■ Saved data entries:
━━━━━━━━━━

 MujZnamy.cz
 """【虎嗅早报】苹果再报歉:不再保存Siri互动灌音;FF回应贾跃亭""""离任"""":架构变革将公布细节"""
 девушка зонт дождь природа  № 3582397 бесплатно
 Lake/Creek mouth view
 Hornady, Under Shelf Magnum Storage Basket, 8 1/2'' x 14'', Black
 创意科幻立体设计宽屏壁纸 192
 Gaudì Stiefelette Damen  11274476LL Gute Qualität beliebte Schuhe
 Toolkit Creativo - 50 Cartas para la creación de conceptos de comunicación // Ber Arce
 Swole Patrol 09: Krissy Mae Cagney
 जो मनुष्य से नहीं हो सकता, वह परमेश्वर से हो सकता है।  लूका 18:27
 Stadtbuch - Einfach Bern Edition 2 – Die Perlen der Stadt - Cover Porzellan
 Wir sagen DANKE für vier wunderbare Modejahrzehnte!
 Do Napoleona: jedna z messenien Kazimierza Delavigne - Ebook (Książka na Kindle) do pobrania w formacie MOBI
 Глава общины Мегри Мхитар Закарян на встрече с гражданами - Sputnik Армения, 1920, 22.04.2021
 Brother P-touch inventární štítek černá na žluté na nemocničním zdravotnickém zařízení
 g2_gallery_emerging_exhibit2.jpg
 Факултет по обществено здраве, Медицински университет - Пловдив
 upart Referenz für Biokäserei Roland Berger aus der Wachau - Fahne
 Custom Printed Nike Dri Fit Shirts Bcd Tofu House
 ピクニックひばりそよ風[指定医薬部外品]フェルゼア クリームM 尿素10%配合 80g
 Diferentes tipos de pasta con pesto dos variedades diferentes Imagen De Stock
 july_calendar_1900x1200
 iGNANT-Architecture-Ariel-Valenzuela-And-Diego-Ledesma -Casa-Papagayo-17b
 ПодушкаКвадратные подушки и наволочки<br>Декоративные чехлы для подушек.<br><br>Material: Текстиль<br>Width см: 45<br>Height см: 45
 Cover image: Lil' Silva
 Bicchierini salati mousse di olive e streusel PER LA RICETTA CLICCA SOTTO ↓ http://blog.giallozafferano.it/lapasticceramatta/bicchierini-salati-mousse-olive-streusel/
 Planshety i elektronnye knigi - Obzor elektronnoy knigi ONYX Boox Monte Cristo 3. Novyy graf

━━━━━━━━━━

■ TRY IT: Count the lines in the entries above that include the string "Cover", then give only that figure.

■ FINAL ANSWER: 2